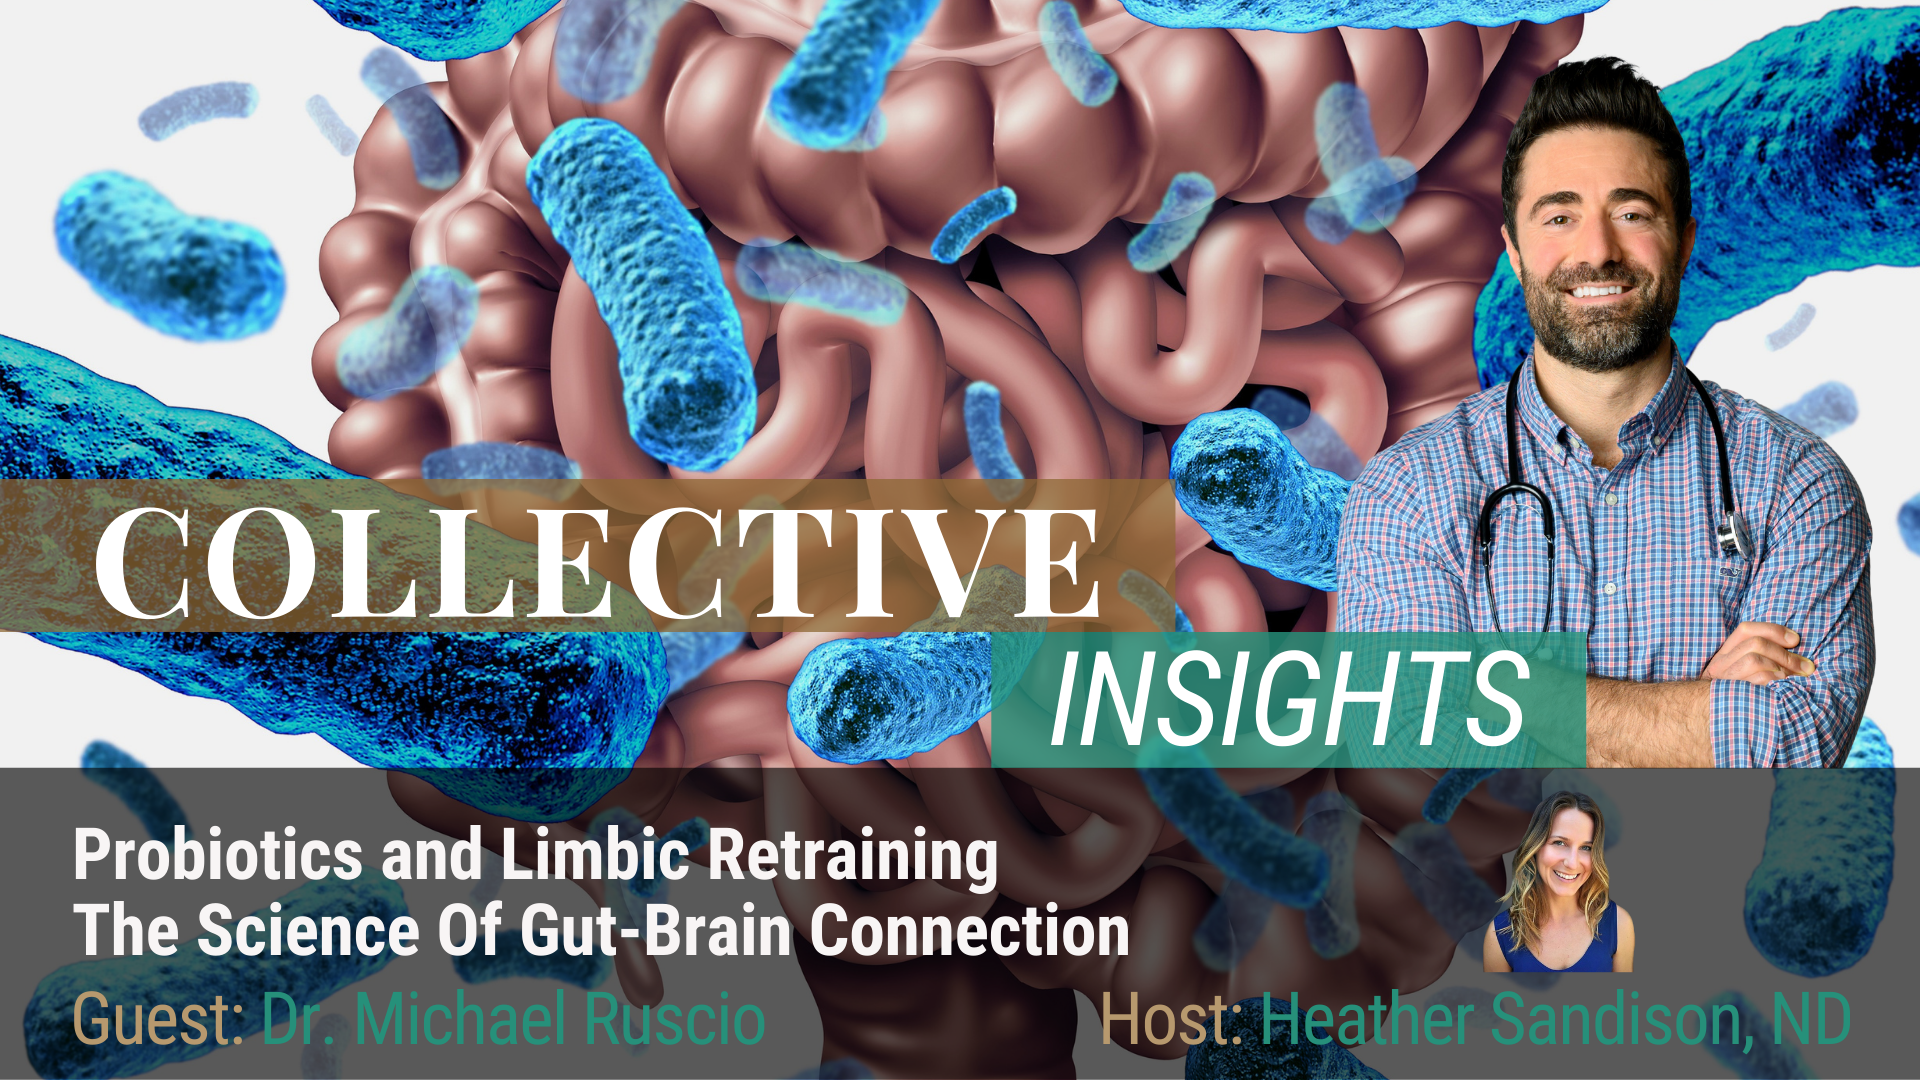 The Science of Gut-brain & Probiotics - Dr. Michael Ruscio - Gut-Brain
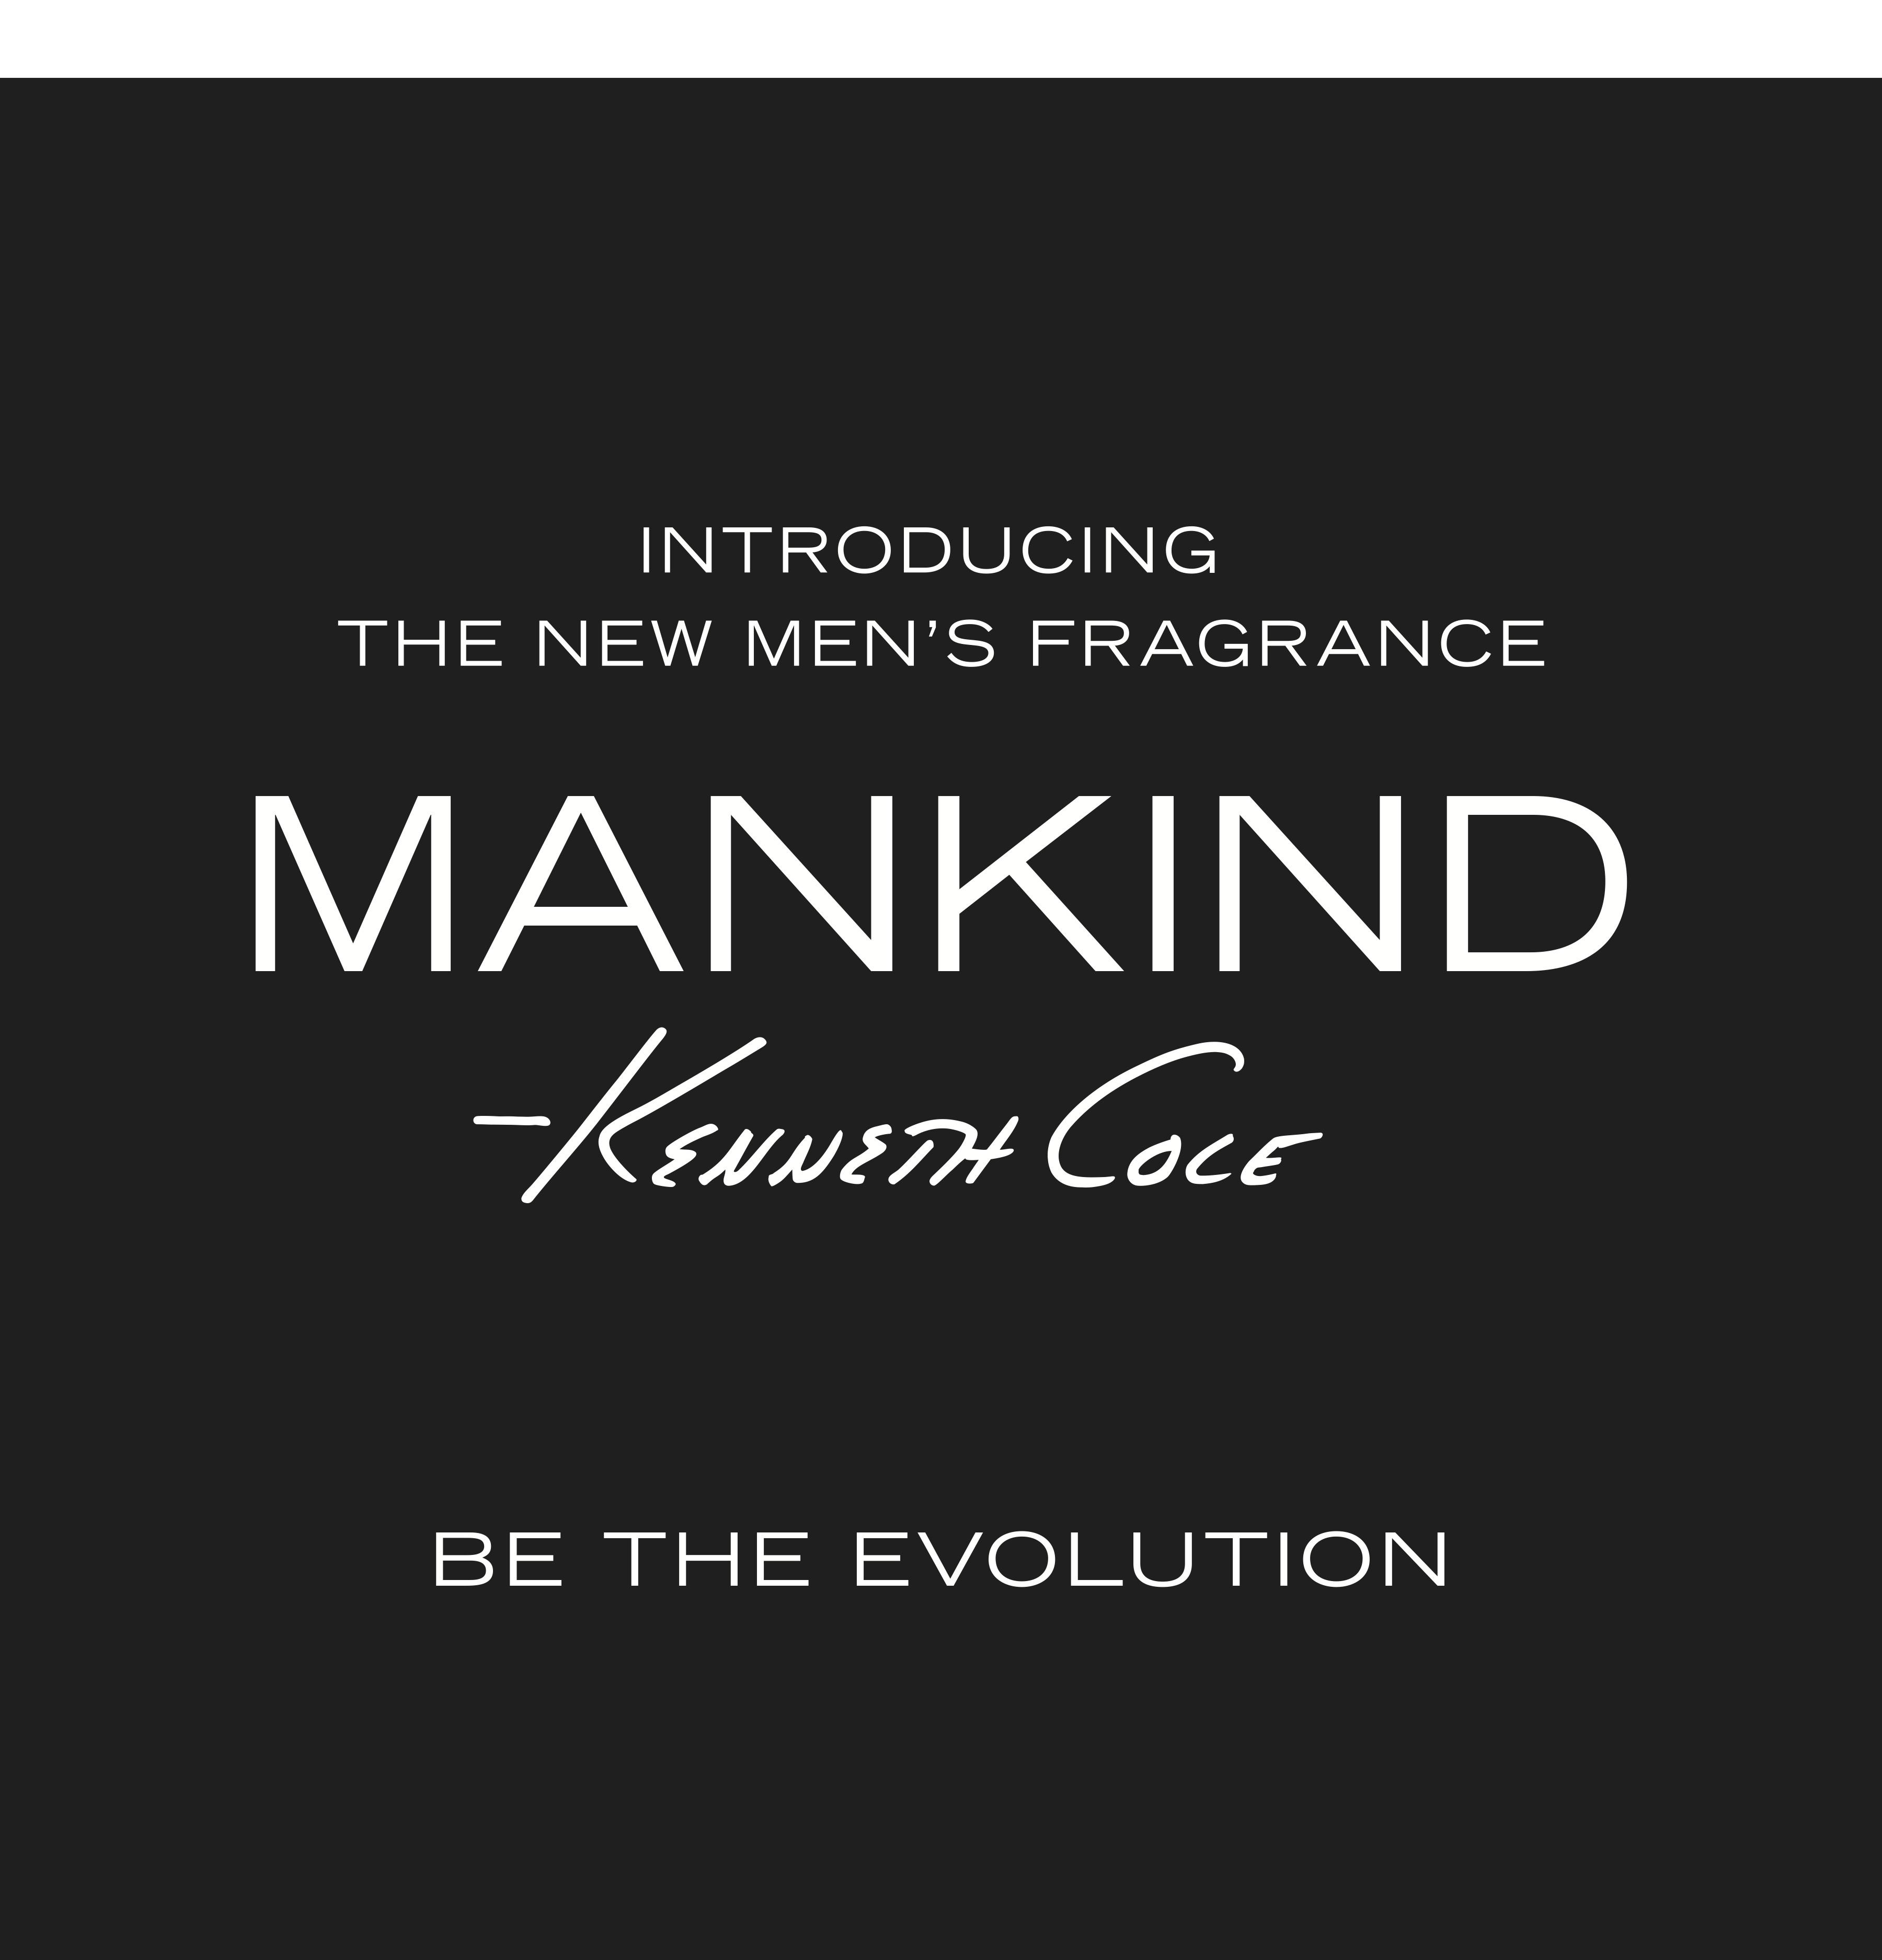 mankind copy.jpg
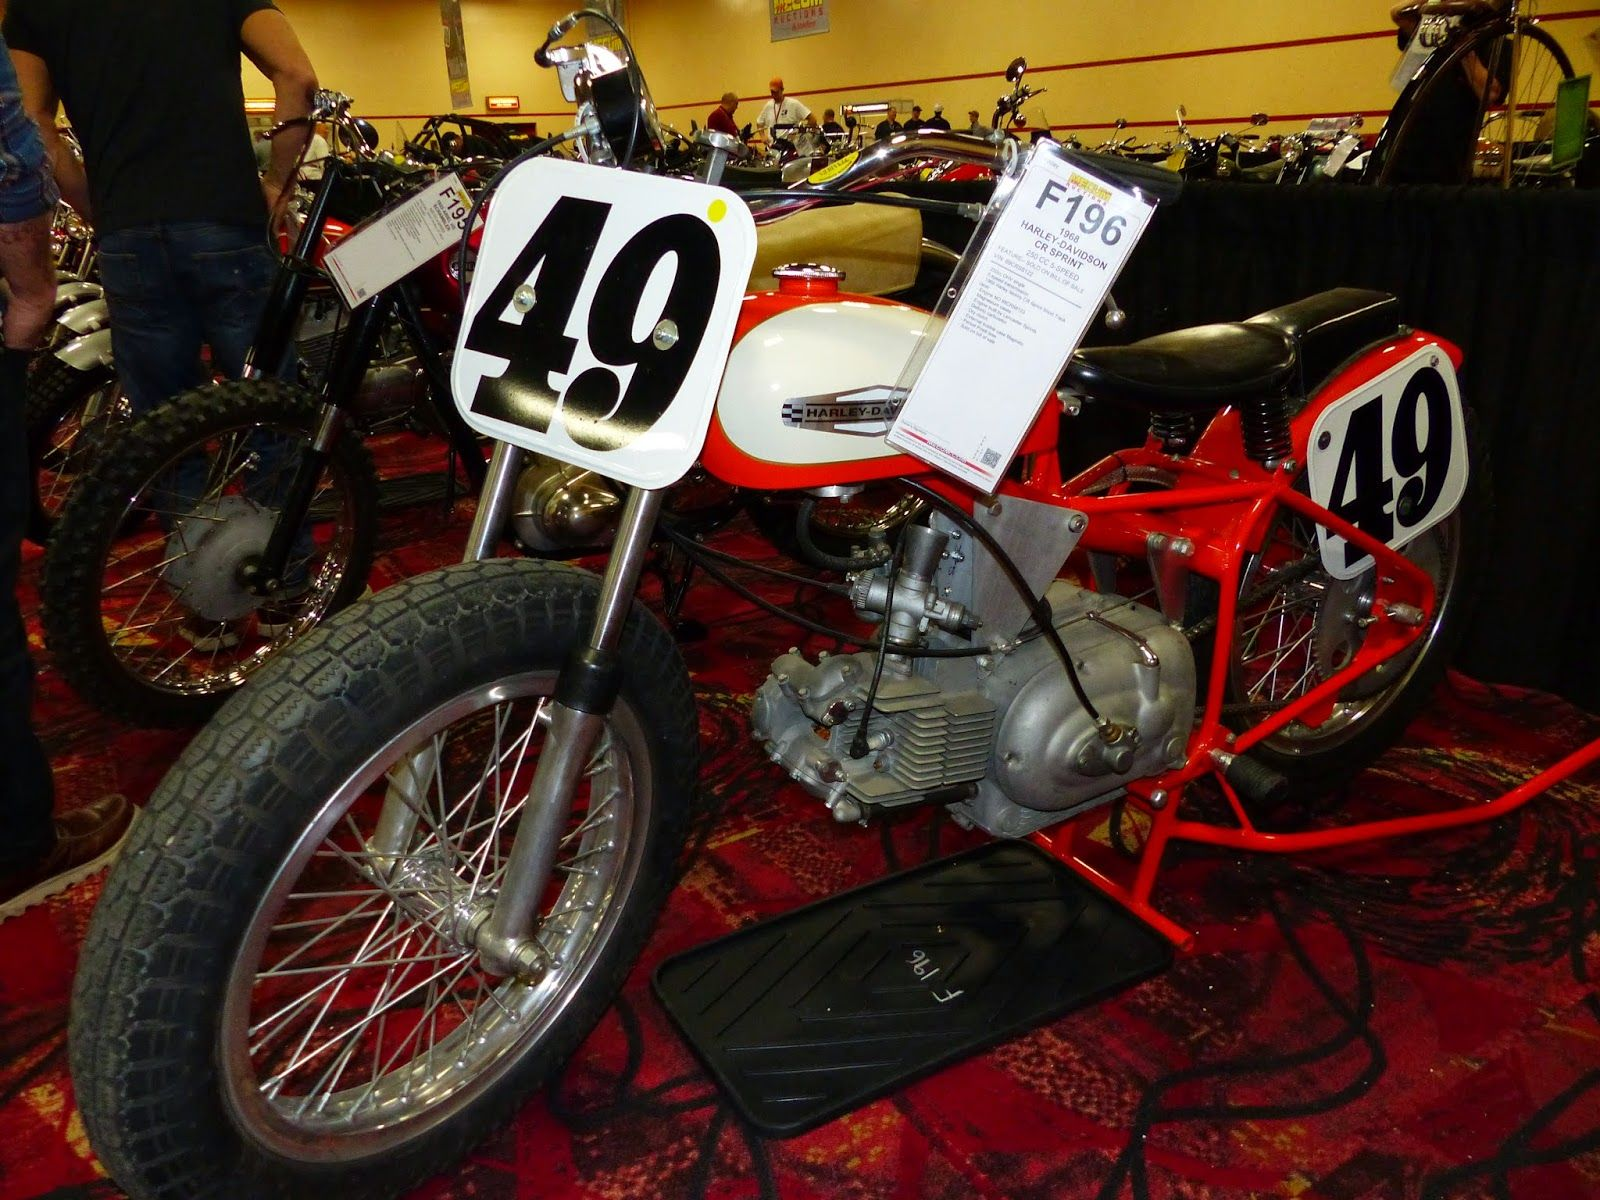 OldMotoDude 1968 Harley Davidson Aermacchi CR250 for sale at t
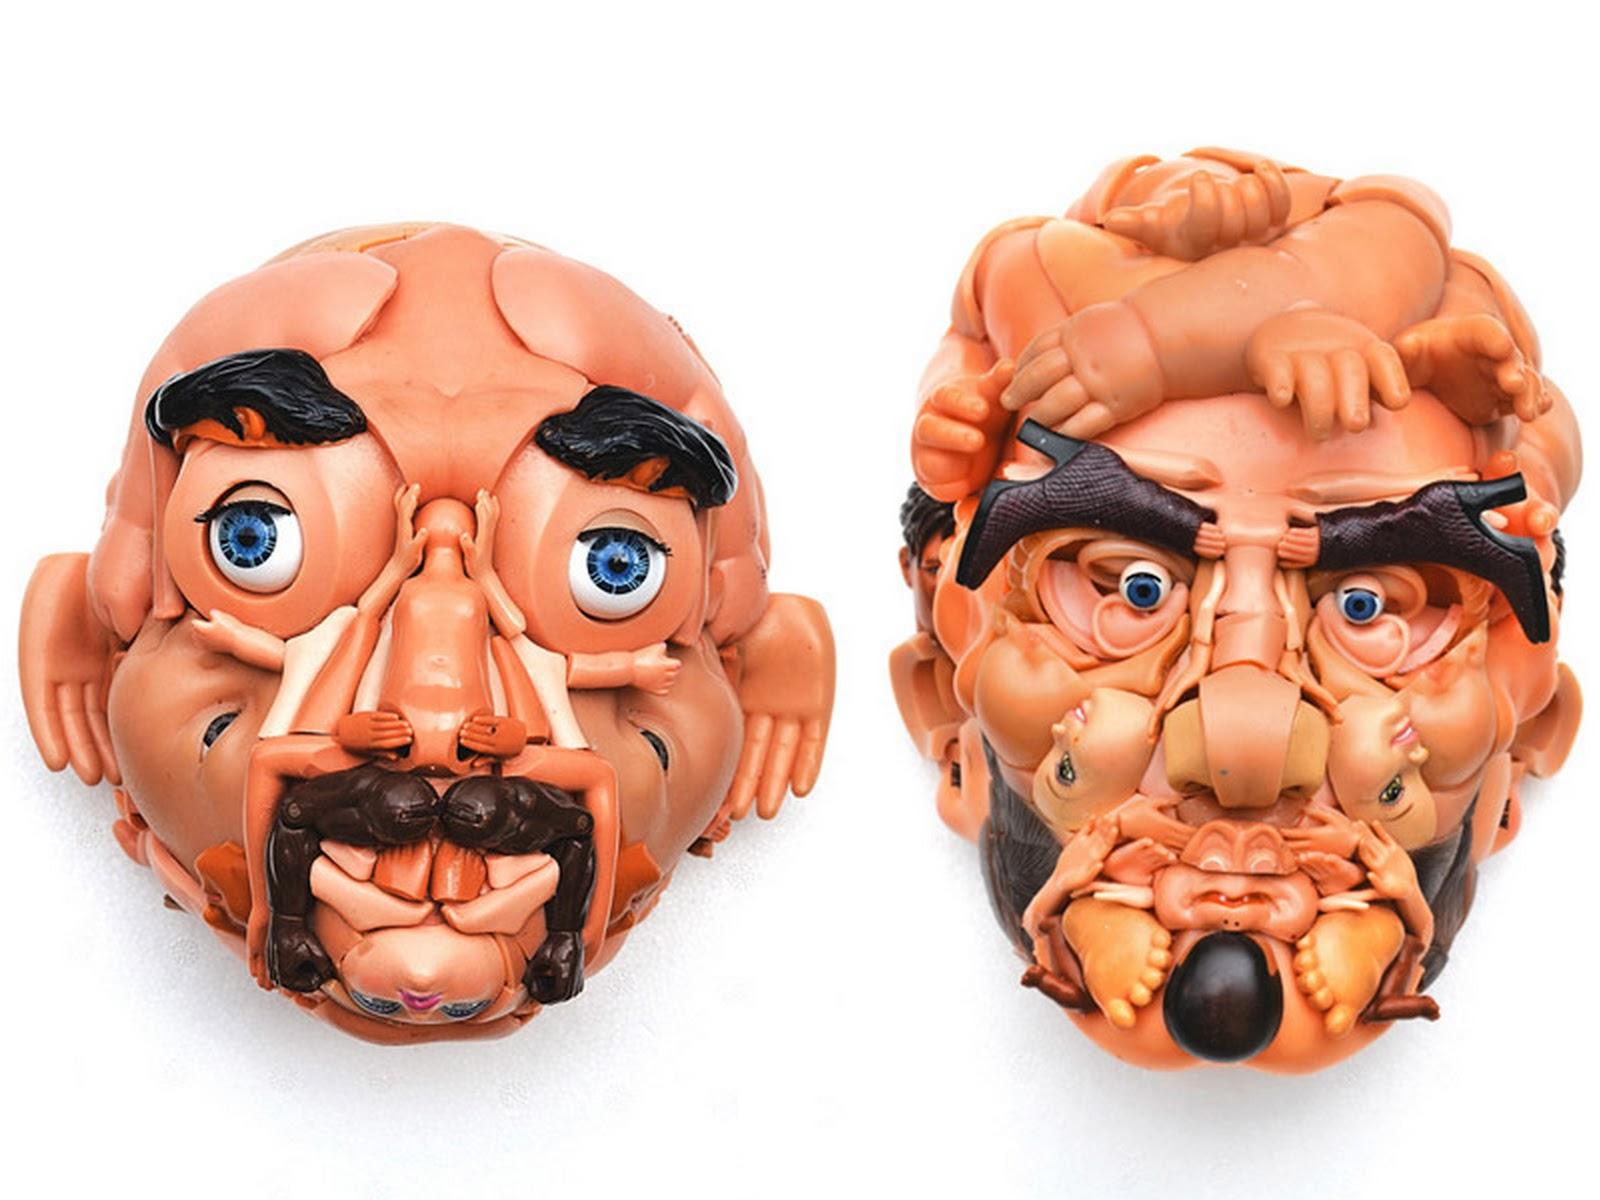 The Toy Sculptures of Freya Jobbins
....
_WORK REQUIRED_. Only the pictures are to be left out; all other material is to be output exactly.

_REPLY_.
 The Science of Gut-brain & Probiotics - Dr. Michael Ruscio - Gut-Brain
 mankind copy.jpg
 OldMotoDude 1968 Harley Davidson Aermacchi CR250 for sale at t
 The Toy Sculptures of Freya Jobbins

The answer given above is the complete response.